Monitoring - Prometheus + Grafana¶

This homelab uses kube-prometheus-stack to provide cluster-wide metrics collection and dashboards. The stack is deployed via Flux CD as a Helm chart (HelmRelease) and runs entirely inside the k3s cluster.

Overview¶

Component	Purpose
Prometheus	Scrapes metrics from k3s nodes, pods, kubelet, kube-state-metrics, and external targets
Grafana	Dashboard UI - visualise Prometheus data
node-exporter	DaemonSet on every k3s node - exposes OS-level metrics (CPU, memory, disk, network)
kube-state-metrics	Exposes Kubernetes object state metrics (pod counts, deployment status, etc.)

Access URLs¶

Service	URL
Grafana	https://grafana.tailnet.ts.net
Prometheus	https://prometheus.tailnet.ts.net

Both are exposed via Tailscale Ingress - accessible only to tailnet members (no public internet exposure).

Architecture¶

graph TD
    ne["k3s nodes<br/>(node-exporter DaemonSet)"] --> prom["Prometheus"]
    prom -->|scrapes| k8s["kubelet / kube-apiserver / kube-state-metrics"]
    prom -->|scrapes| gs["game-server:9100<br/>(node-exporter, via <game-server-ts-ip>)"]
    prom -->|queried by| grafana["Grafana"]

Manifests¶

File	Purpose
`k3s/manifests/monitoring/helmrelease.yaml`	Flux HelmRelease - Helm chart source + all values

All configuration lives in the HelmRelease's inline Helm values. To change any setting, edit that file and push to main. Flux reconciles within ~10 minutes.

Initial Setup (post-deploy)¶

1. Patch the Grafana admin password¶

The Flux HelmRelease ships with adminPassword: REPLACE_ME. After Flux creates the monitoring-grafana Secret, patch it with a real password:

kubectl patch secret monitoring-grafana -n monitoring --type=merge \
  -p '{"stringData":{"admin-password":"your-secure-password"}}'

Do not use kubectl apply

Flux uses Server-Side Apply. Always use kubectl patch --type=merge to avoid field ownership conflicts.
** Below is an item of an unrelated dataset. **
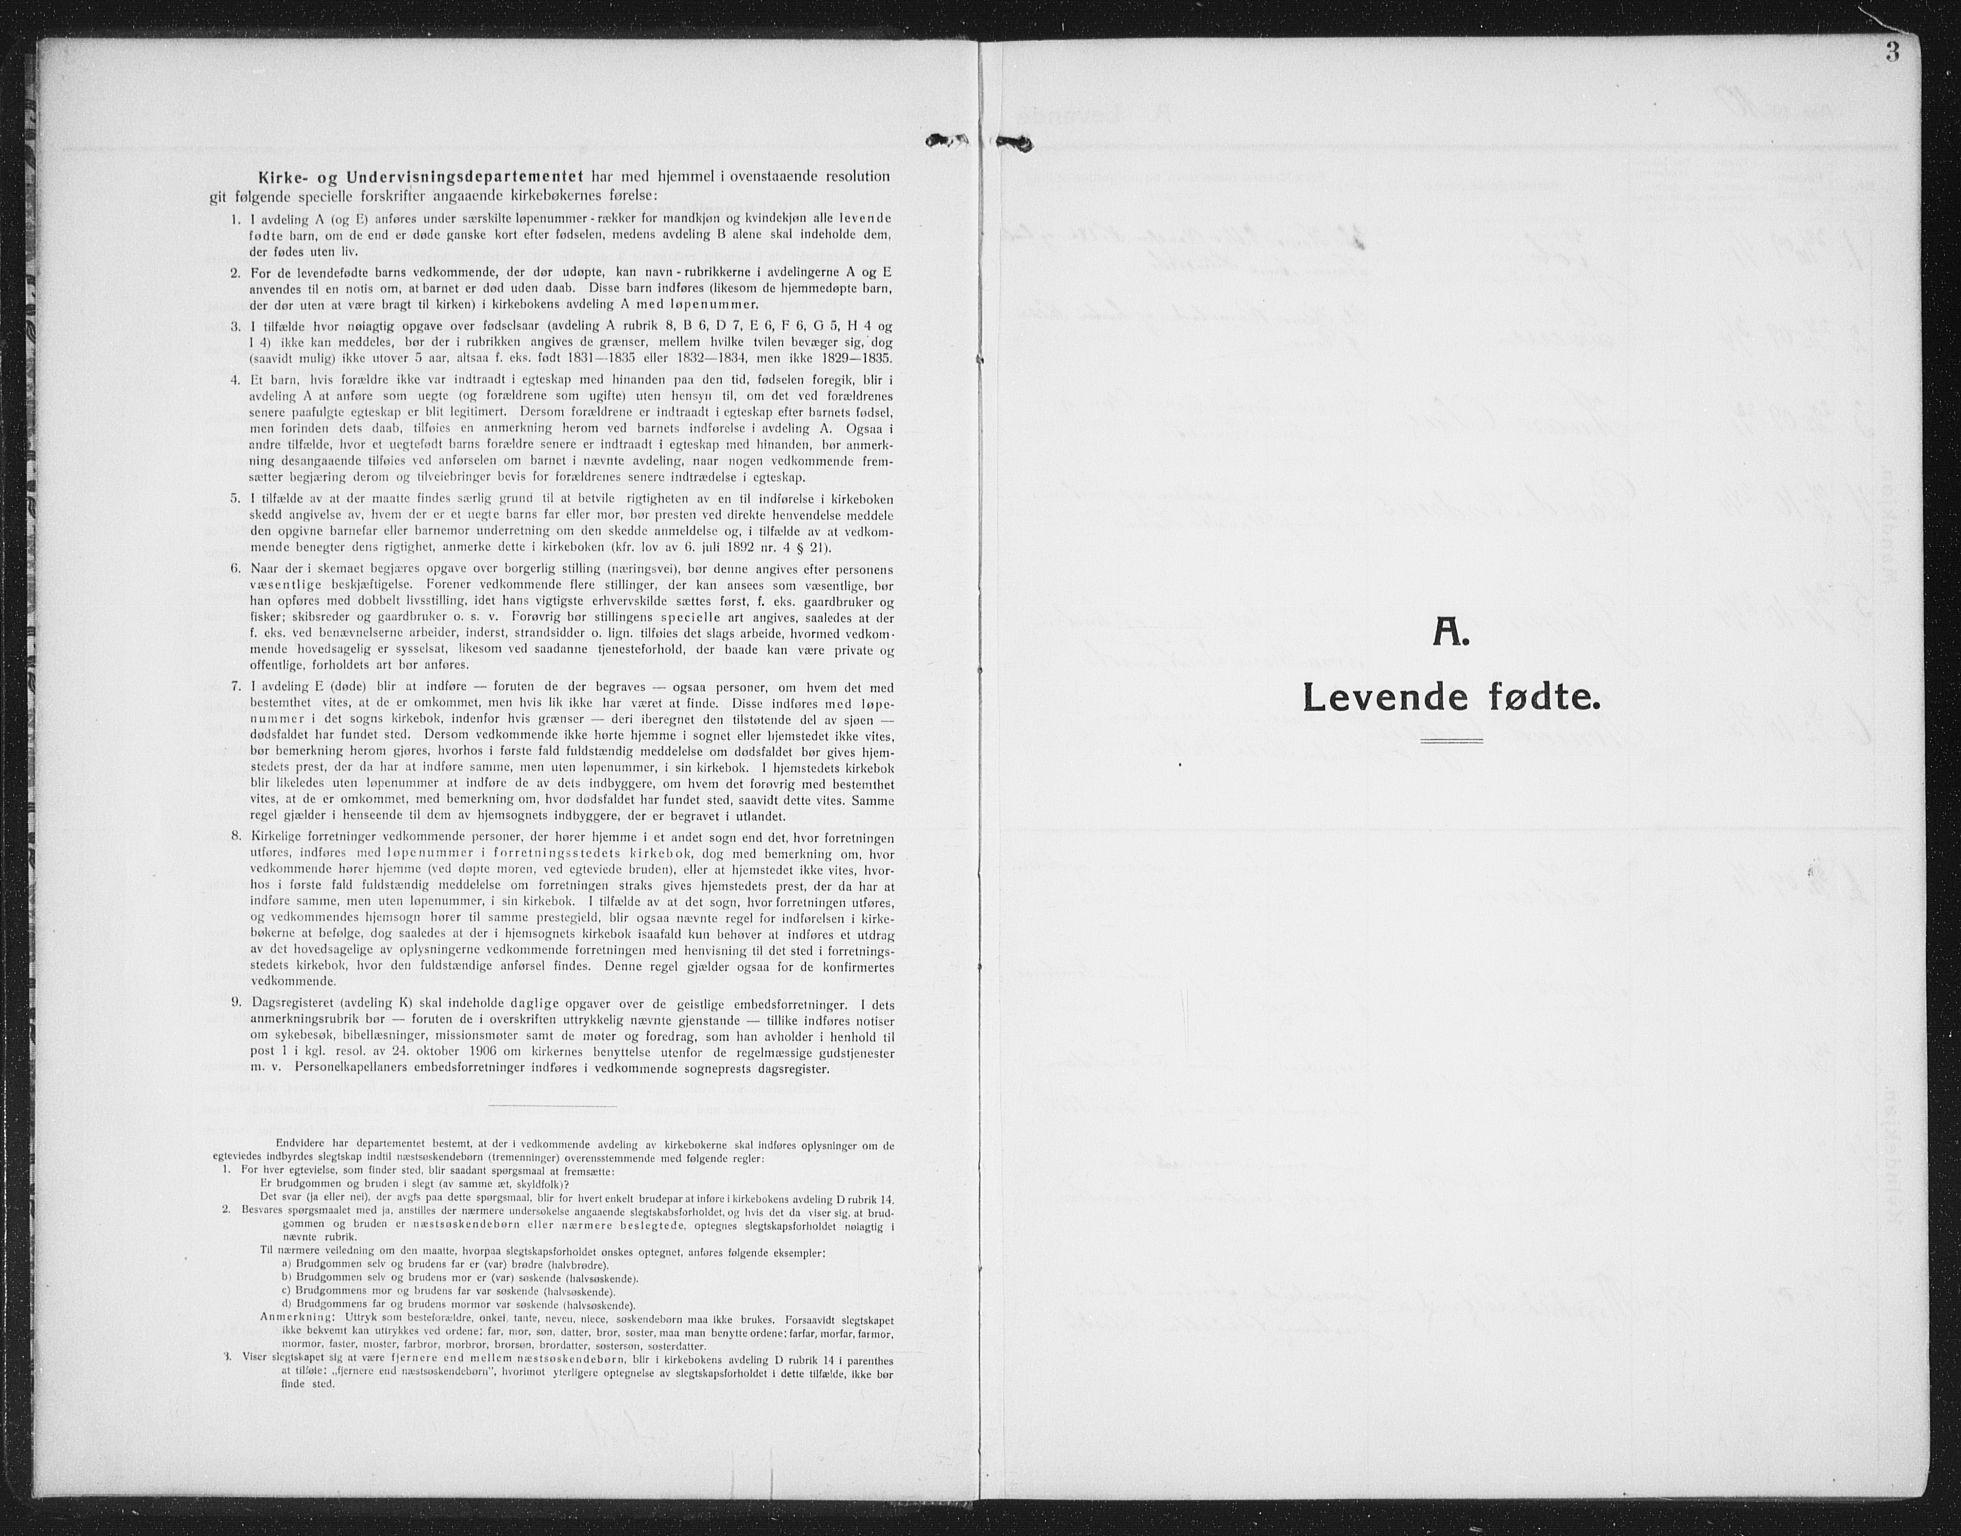 SAT, Ministerialprotokoller, klokkerbøker og fødselsregistre - Nord-Trøndelag, 774/L0630: Klokkerbok nr. 774C01, 1910-1934, s. 3

The secret carries the annotation kustomize.toolkit.fluxcd.io/reconcile: disabled to prevent Flux from overwriting the patched value on the next reconcile.

Authentik SSO Setup¶

Grafana is configured to use Authentik as an OAuth2/OIDC provider. After deploying, two steps are required: configure Authentik, then patch the client credentials into the cluster.

Step 1: Create the provider and application in Authentik¶

Create an OAuth2/OpenID Connect Provider - Applications → Providers → Create
Name: Grafana
Client type: Confidential
Redirect URIs: https://grafana.tailnet.ts.net/login/generic_oauth
Signing key: select your existing key
Copy the Client ID and Client Secret - you'll need them below
Create an Application - Applications → Applications → Create
Name: Grafana
Slug: grafana
Provider: select the provider from step 1
Launch URL: https://grafana.tailnet.ts.net
Optionally create a Grafana Admins group in Authentik - users in this group receive the Admin role in Grafana. Users not in any mapped group default to Viewer.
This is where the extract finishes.